▶ _What this task involves_: Write out, word for word, the first line of the data below and every line after it through the one containing "FALKE Kurzsocken Socken".

▶ _Supplied records_:

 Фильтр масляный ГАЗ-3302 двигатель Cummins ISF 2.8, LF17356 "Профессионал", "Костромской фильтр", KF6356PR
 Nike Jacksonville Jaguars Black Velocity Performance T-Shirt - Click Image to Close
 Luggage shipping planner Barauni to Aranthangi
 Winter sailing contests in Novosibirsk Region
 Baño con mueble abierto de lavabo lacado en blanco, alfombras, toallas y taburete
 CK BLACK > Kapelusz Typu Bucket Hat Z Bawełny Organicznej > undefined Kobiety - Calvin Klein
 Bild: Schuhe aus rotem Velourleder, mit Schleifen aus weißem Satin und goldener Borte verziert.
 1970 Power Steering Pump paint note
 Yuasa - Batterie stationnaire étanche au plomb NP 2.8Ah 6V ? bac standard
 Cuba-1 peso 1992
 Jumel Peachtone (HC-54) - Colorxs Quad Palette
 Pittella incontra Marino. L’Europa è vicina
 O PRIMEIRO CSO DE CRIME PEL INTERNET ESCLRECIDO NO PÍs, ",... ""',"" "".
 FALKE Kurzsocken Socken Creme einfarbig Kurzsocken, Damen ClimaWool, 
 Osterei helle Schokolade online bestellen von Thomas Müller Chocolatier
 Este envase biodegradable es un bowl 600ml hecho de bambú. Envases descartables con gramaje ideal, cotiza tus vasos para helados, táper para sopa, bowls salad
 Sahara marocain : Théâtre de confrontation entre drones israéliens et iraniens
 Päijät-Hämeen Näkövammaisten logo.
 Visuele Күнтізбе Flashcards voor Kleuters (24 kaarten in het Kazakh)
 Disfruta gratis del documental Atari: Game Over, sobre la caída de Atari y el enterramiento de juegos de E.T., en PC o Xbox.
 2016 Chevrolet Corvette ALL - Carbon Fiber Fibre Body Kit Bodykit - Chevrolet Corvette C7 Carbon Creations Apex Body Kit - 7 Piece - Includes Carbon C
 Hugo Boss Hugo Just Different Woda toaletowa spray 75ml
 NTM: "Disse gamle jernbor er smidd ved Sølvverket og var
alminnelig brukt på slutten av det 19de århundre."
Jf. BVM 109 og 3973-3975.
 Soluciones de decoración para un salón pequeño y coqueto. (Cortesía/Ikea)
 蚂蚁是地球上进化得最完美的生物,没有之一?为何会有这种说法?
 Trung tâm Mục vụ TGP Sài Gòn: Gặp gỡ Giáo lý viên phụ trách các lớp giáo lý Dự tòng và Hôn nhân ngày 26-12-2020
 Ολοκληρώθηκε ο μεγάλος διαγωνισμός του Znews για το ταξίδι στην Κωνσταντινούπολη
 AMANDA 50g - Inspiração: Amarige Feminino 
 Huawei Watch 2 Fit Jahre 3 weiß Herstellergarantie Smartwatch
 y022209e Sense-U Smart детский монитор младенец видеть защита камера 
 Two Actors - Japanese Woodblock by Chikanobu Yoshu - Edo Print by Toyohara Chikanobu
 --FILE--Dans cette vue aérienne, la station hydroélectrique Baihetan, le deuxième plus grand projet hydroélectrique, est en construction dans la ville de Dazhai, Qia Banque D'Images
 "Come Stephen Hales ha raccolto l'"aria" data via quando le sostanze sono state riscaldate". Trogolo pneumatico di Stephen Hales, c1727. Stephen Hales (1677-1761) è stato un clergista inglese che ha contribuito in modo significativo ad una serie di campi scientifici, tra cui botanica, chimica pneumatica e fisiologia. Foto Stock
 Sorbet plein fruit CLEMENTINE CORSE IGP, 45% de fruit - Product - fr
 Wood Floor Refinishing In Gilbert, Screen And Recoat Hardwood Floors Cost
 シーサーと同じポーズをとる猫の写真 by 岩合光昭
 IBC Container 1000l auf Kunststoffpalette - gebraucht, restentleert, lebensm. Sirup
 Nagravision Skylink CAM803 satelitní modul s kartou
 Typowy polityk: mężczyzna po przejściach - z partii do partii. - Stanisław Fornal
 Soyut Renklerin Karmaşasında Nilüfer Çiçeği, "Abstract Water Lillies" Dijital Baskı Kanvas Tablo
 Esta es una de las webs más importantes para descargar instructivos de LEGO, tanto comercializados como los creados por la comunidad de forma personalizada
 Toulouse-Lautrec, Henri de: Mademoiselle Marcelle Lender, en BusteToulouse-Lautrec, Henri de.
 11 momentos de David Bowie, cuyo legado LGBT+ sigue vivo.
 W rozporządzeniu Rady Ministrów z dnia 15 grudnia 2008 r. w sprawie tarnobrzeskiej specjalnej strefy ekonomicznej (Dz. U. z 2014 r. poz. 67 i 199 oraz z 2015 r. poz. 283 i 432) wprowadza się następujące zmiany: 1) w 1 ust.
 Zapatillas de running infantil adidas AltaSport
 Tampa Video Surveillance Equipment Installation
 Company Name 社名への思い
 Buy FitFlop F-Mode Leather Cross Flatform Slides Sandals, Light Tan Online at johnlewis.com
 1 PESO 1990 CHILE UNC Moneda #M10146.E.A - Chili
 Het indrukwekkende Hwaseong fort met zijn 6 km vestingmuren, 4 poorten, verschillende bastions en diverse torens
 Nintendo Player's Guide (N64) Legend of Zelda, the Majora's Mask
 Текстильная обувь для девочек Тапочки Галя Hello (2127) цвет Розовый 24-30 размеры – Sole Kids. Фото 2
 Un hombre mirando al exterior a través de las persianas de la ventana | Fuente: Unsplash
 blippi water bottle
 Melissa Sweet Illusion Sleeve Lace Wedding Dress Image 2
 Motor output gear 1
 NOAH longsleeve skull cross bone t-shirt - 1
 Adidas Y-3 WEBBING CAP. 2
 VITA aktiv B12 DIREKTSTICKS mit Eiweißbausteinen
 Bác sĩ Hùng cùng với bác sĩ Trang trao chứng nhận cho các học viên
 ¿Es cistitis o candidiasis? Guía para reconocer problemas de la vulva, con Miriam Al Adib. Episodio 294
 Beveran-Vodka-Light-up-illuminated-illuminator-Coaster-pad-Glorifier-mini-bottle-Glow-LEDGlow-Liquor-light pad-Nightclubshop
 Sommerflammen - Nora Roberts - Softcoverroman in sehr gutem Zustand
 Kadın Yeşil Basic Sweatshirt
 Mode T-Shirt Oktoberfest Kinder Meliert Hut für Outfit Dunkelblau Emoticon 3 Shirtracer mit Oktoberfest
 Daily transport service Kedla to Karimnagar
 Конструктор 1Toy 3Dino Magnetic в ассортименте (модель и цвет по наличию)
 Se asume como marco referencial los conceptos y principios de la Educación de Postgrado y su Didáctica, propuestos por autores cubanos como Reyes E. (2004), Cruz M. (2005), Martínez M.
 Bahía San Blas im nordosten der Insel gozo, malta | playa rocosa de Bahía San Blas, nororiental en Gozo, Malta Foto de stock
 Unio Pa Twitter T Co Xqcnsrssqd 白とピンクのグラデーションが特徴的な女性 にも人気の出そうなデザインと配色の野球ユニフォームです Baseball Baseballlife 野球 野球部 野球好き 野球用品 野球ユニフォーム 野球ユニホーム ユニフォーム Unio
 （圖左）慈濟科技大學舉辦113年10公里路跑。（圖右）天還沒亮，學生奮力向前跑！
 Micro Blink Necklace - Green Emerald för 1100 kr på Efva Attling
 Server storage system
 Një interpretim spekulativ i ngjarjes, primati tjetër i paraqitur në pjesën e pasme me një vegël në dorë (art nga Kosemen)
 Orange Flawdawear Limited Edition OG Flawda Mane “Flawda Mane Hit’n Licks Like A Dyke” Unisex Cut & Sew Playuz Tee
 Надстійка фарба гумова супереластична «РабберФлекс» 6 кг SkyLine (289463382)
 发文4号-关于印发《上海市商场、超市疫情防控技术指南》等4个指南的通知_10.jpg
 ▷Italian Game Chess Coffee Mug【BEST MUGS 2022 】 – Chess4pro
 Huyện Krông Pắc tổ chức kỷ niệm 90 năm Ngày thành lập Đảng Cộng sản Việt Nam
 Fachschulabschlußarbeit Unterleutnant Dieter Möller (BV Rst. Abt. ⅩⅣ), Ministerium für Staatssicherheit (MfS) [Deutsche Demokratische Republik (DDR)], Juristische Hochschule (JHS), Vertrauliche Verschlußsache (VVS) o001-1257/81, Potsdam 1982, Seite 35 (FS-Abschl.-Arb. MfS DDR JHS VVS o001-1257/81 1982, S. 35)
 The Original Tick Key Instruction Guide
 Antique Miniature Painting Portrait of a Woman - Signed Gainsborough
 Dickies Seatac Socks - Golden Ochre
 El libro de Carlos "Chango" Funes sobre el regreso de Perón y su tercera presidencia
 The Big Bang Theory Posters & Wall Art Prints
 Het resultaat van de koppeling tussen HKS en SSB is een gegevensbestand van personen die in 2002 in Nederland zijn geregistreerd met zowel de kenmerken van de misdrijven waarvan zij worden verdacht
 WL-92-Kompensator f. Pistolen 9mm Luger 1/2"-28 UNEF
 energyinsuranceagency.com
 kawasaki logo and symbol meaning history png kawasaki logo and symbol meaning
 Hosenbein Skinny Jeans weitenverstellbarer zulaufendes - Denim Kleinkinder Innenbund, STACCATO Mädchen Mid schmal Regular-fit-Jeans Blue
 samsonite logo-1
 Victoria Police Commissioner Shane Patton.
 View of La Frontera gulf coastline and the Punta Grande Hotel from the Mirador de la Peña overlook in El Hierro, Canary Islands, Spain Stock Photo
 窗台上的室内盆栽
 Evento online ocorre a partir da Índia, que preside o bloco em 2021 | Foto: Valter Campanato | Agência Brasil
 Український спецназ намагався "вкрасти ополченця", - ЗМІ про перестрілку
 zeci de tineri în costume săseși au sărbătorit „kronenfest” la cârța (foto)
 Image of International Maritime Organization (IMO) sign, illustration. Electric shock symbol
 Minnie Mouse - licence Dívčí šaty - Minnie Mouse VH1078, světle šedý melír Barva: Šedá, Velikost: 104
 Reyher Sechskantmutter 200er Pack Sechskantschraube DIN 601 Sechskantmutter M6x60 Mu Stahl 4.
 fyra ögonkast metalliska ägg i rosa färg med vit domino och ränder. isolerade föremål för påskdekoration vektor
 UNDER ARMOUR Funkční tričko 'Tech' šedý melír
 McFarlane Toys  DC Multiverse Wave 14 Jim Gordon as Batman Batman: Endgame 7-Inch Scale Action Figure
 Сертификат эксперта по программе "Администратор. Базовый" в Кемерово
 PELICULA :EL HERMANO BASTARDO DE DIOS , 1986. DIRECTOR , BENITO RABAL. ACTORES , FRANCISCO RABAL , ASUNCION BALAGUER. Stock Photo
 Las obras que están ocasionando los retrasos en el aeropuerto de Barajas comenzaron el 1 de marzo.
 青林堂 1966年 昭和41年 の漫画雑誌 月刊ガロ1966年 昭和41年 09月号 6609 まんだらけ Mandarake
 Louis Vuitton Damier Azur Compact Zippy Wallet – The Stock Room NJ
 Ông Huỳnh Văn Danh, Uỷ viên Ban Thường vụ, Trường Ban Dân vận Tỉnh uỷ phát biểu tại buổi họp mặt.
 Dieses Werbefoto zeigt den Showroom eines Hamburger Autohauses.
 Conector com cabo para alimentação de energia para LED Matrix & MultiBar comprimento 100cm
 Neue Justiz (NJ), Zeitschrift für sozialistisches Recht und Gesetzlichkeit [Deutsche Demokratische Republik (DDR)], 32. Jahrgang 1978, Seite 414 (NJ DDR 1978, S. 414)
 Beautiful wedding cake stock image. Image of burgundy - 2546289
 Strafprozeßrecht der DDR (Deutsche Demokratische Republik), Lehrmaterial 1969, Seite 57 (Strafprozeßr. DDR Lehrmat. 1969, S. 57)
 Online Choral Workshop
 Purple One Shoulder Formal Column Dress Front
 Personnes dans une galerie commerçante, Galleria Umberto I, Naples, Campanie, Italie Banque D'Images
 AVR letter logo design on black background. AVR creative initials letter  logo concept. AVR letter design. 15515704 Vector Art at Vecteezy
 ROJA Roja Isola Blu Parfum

▶ _Written response_:
 Фильтр масляный ГАЗ-3302 двигатель Cummins ISF 2.8, LF17356 "Профессионал", "Костромской фильтр", KF6356PR
 Nike Jacksonville Jaguars Black Velocity Performance T-Shirt - Click Image to Close
 Luggage shipping planner Barauni to Aranthangi
 Winter sailing contests in Novosibirsk Region
 Baño con mueble abierto de lavabo lacado en blanco, alfombras, toallas y taburete
 CK BLACK > Kapelusz Typu Bucket Hat Z Bawełny Organicznej > undefined Kobiety - Calvin Klein
 Bild: Schuhe aus rotem Velourleder, mit Schleifen aus weißem Satin und goldener Borte verziert.
 1970 Power Steering Pump paint note
 Yuasa - Batterie stationnaire étanche au plomb NP 2.8Ah 6V ? bac standard
 Cuba-1 peso 1992
 Jumel Peachtone (HC-54) - Colorxs Quad Palette
 Pittella incontra Marino. L’Europa è vicina
 O PRIMEIRO CSO DE CRIME PEL INTERNET ESCLRECIDO NO PÍs, ",... ""',"" "".
 FALKE Kurzsocken Socken Creme einfarbig Kurzsocken, Damen ClimaWool, 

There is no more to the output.